§ Work to be completed
Return the listing that follows exactly, with no pictures included.

§ Data shown
BEGIN

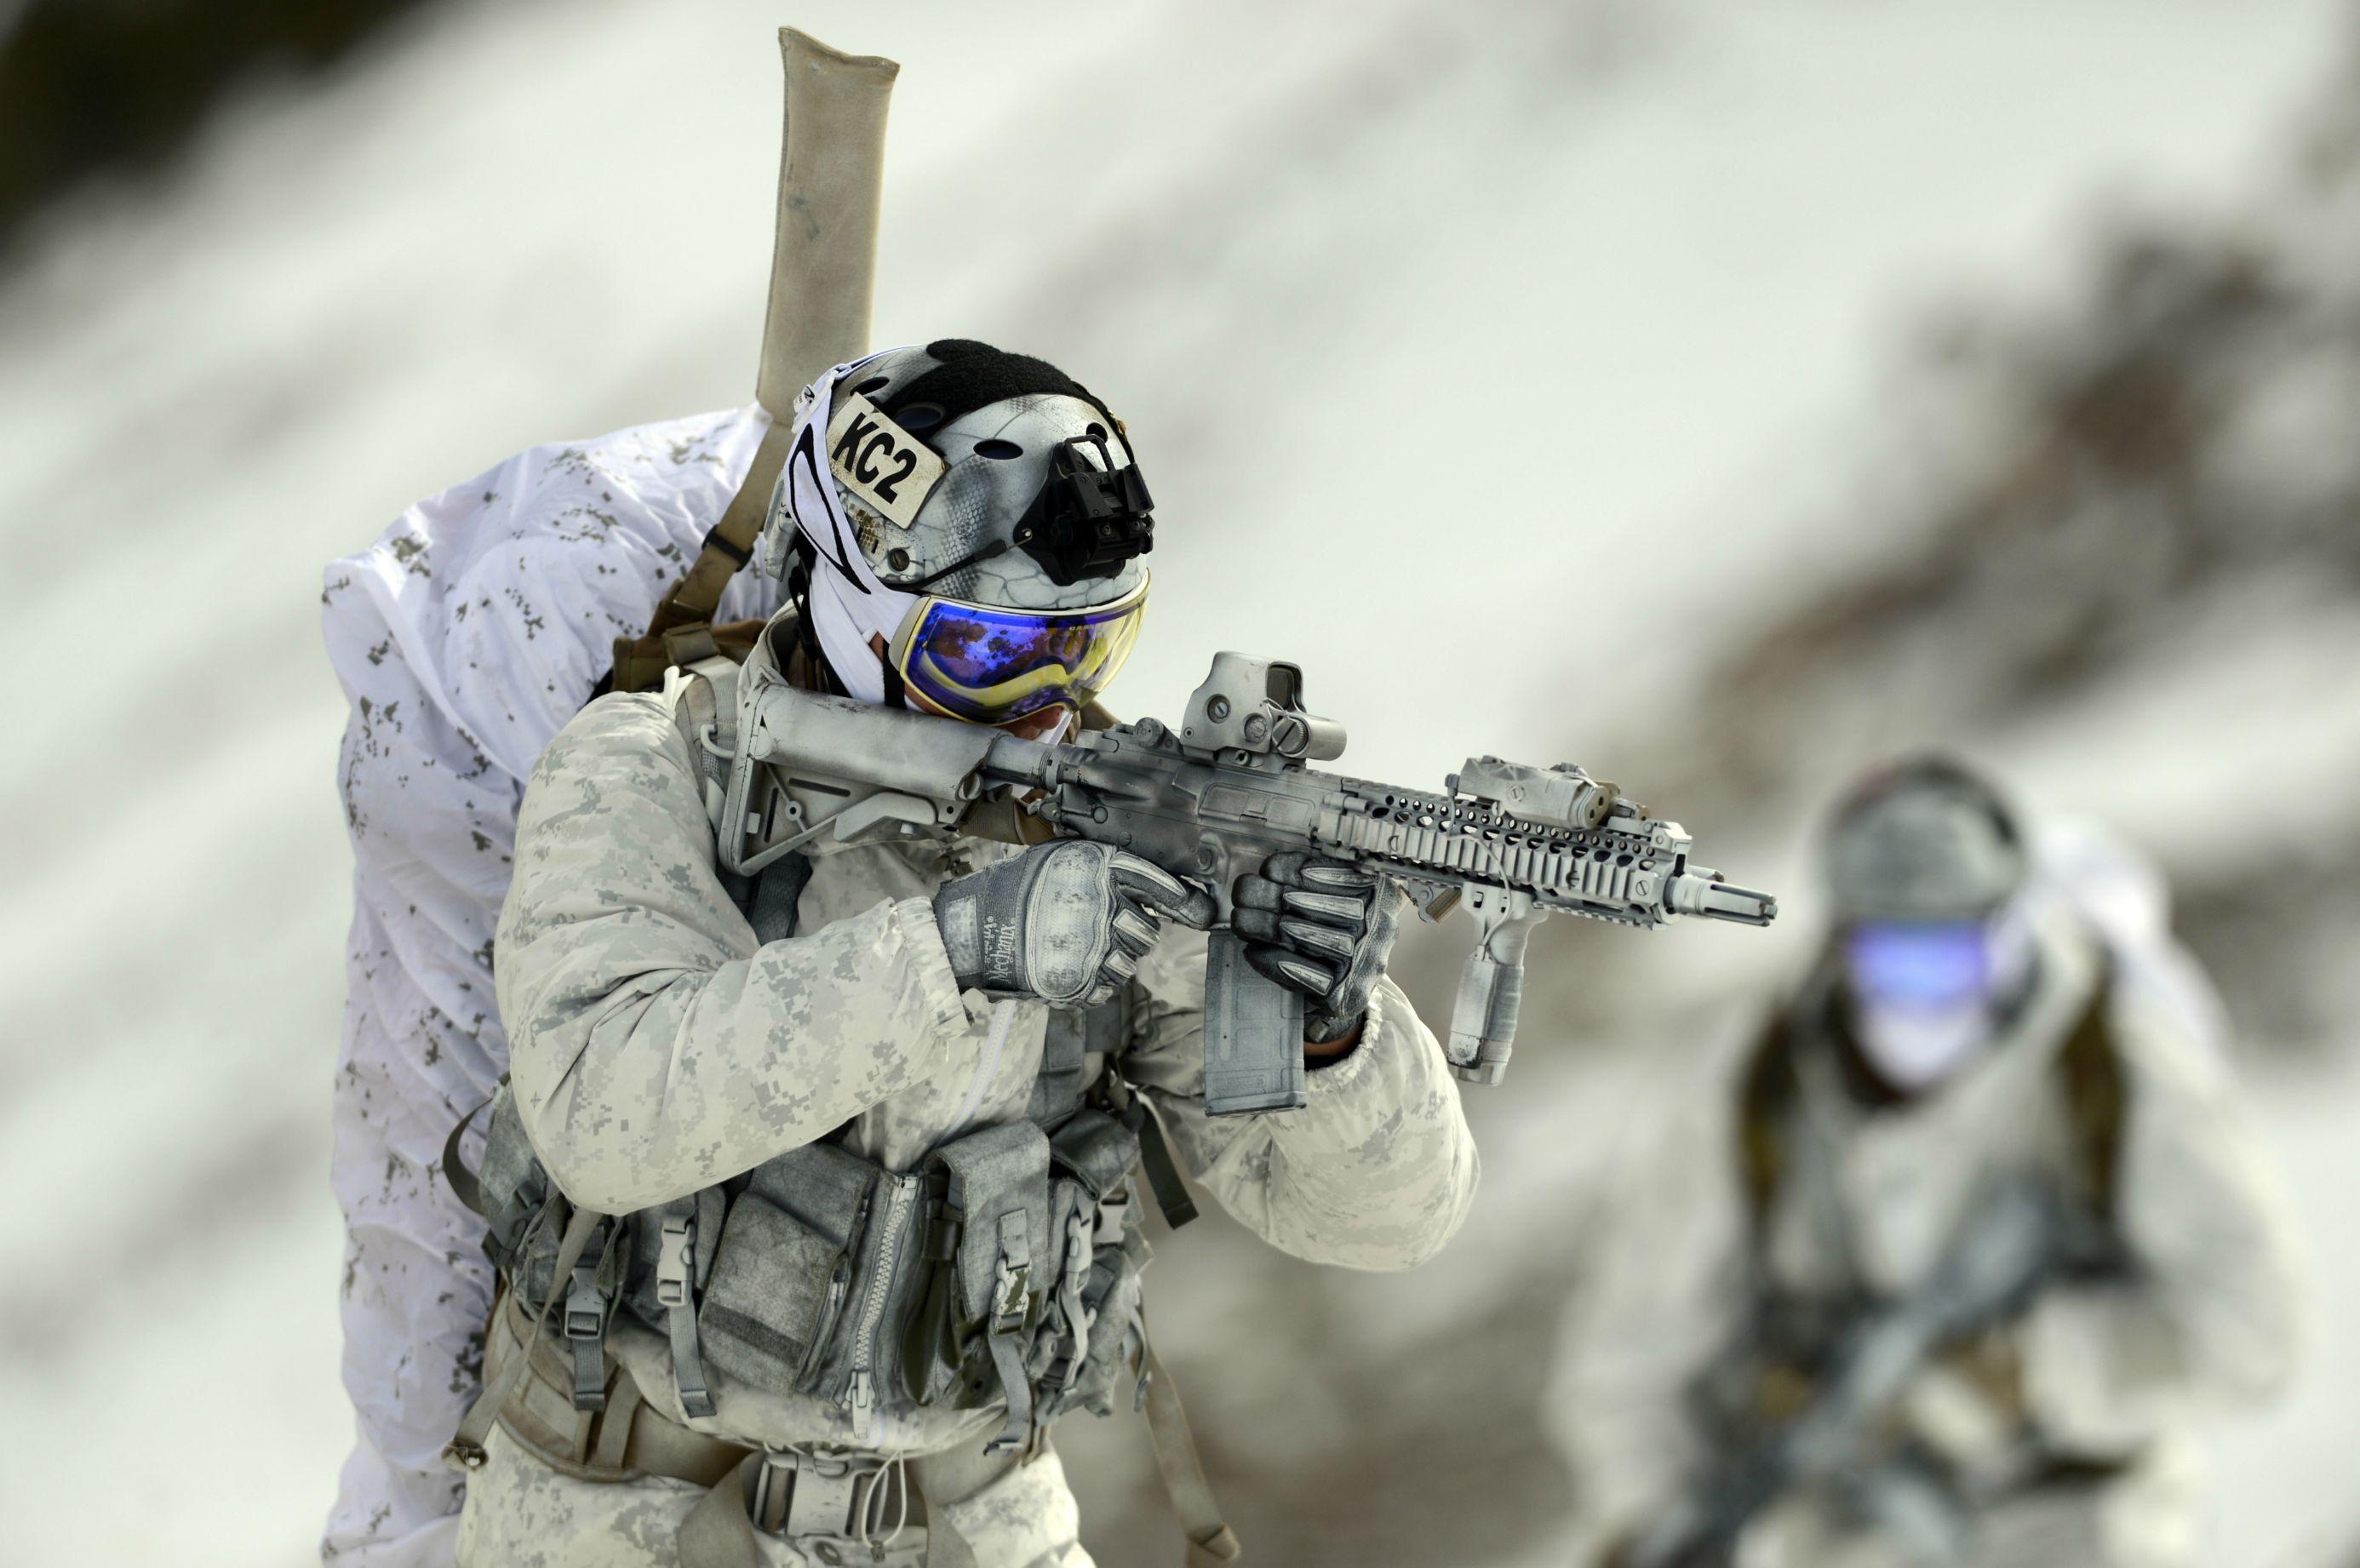 Wallpaper, snow, winter, soldier, military, army, Navy SEALs, Mk 18
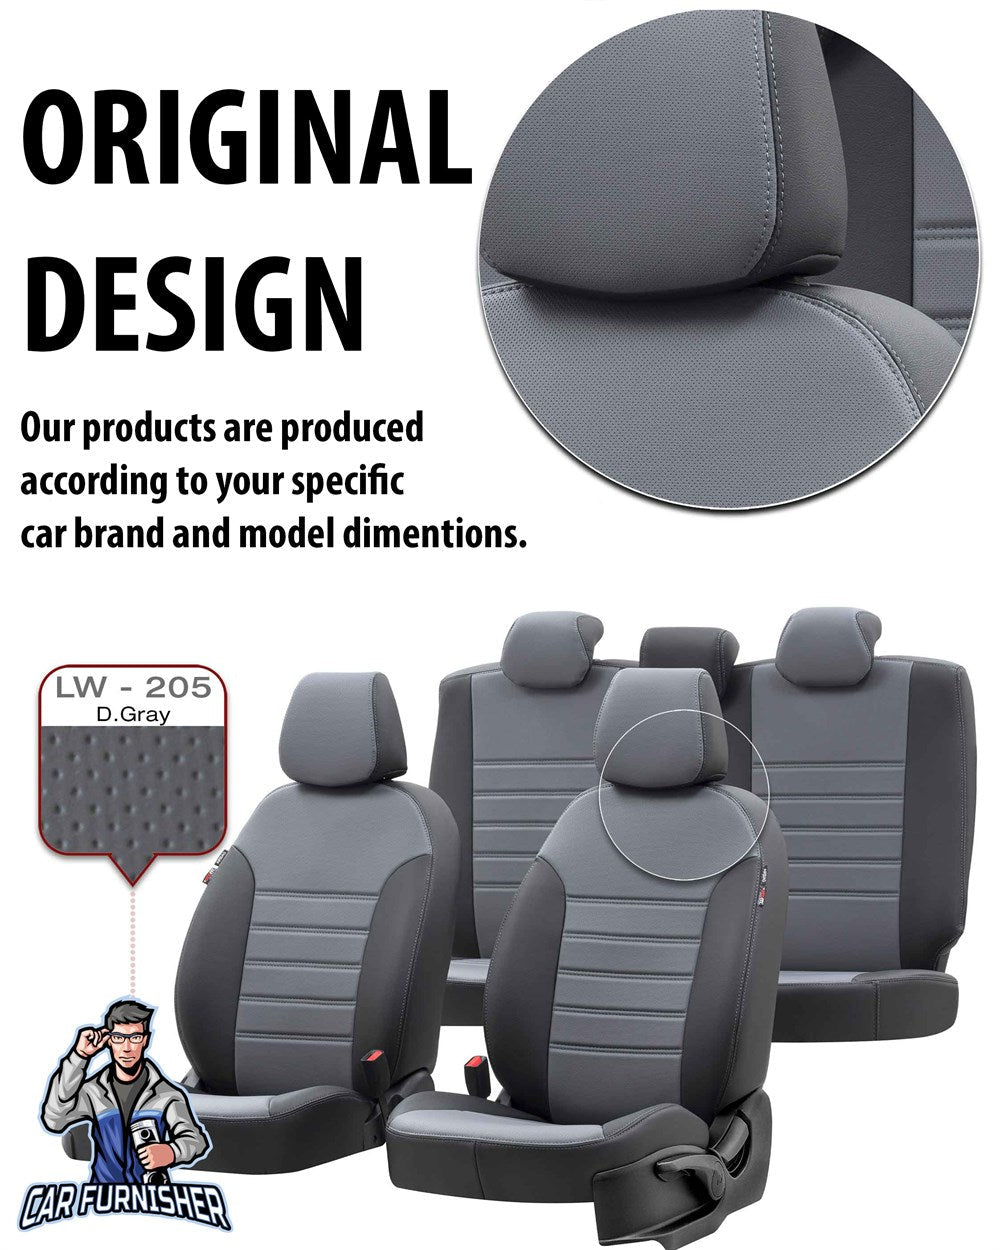 Fiat Marea Car Seat Covers 1996-2007 Istanbul Design Smoked Black Full Set (5 Seats + Handrest) Leather & Fabric
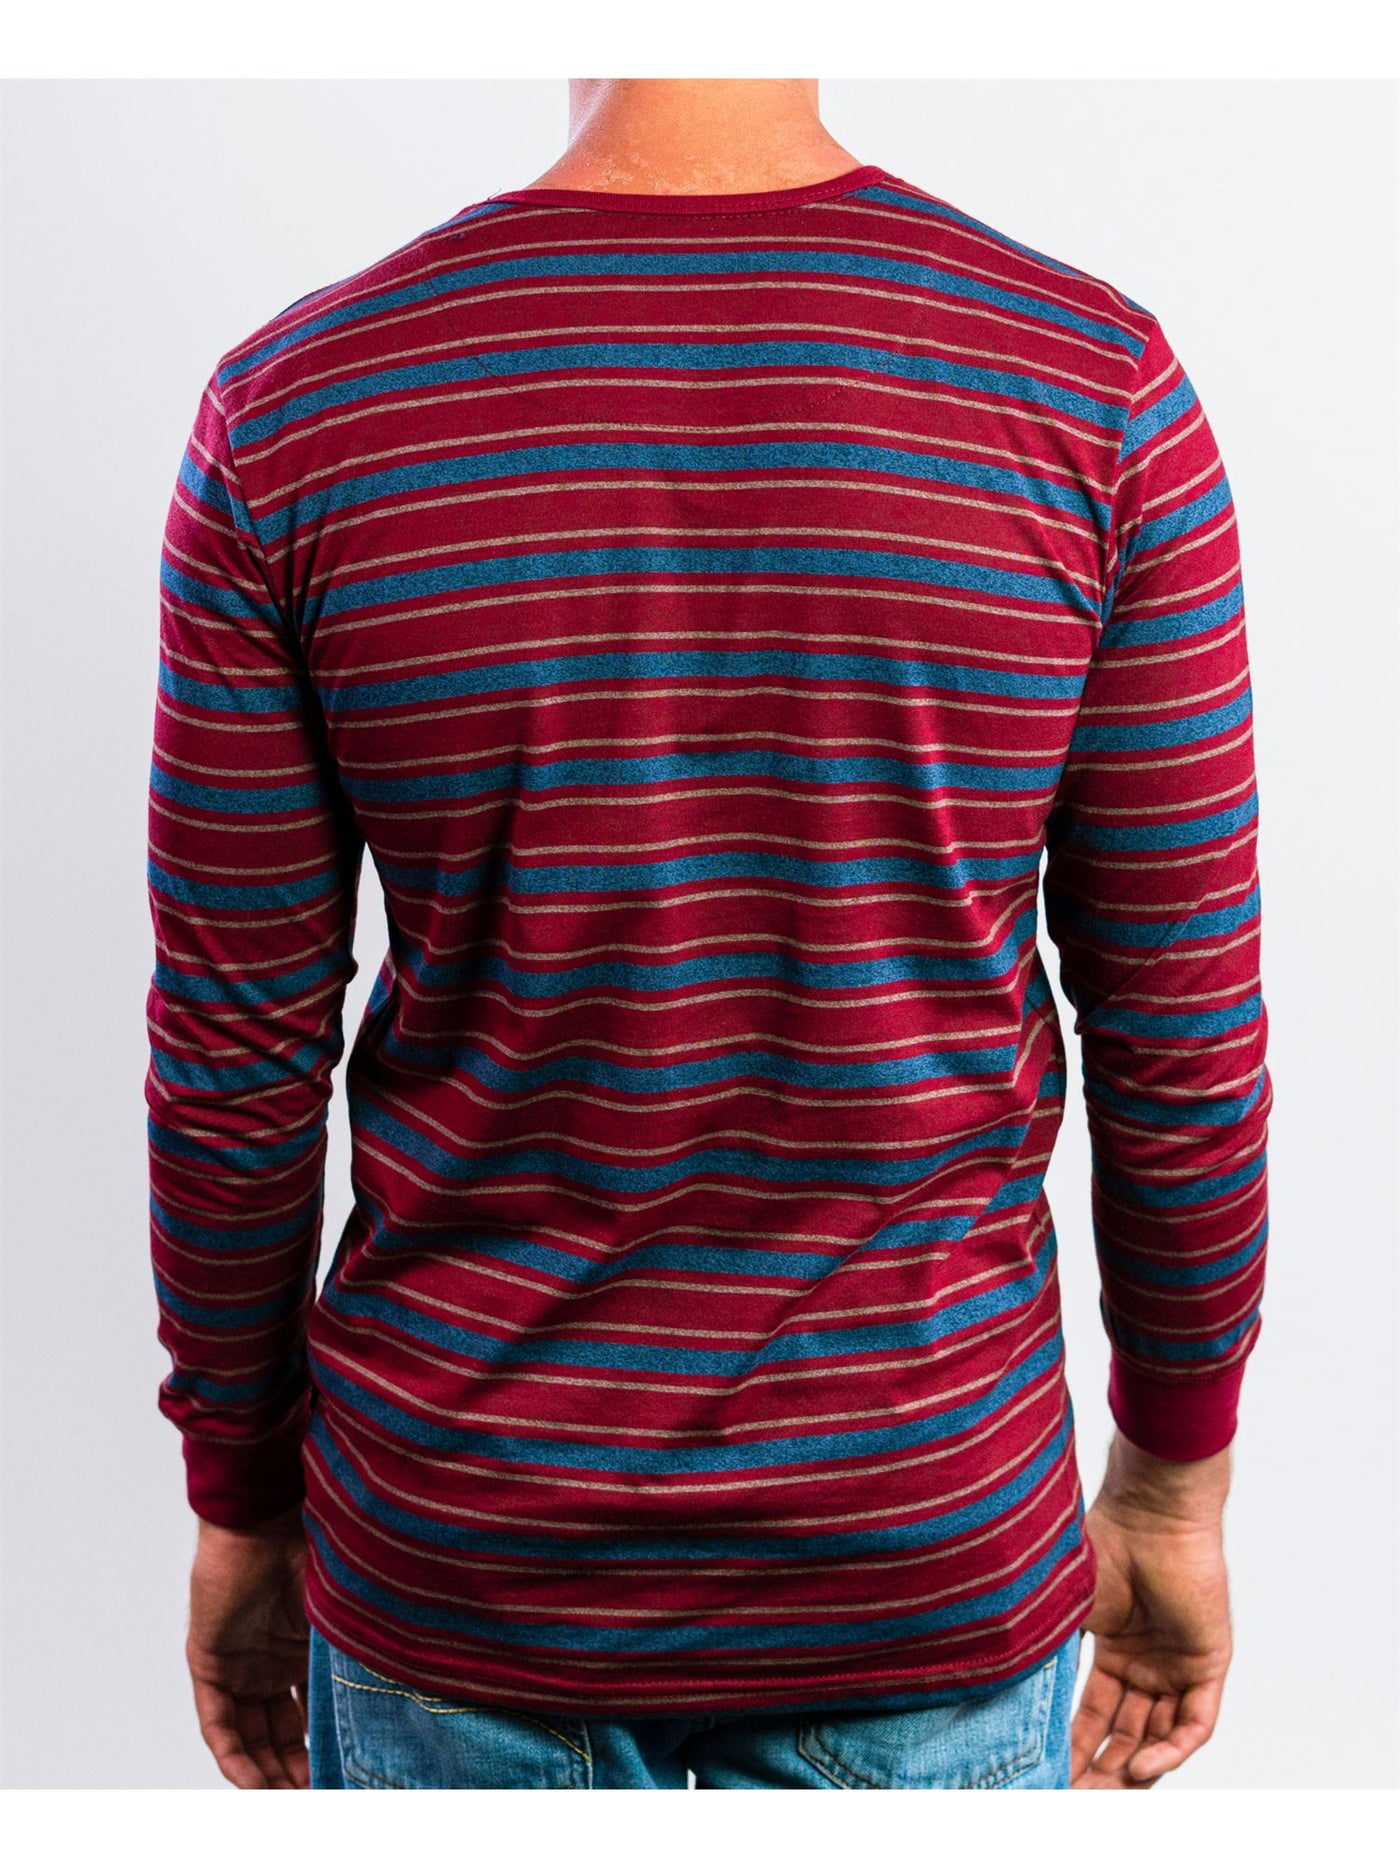 BEAUTIFUL GIANT Mens Red Striped Casual Shirt S

END

§ Task result
 Wallpaper, snow, winter, soldier, military, army, Navy SEALs, Mk 18
 Fiat Marea Car Seat Covers 1996-2007 Istanbul Design Smoked Black Full Set (5 Seats + Handrest) Leather & Fabric
 BEAUTIFUL GIANT Mens Red Striped Casual Shirt S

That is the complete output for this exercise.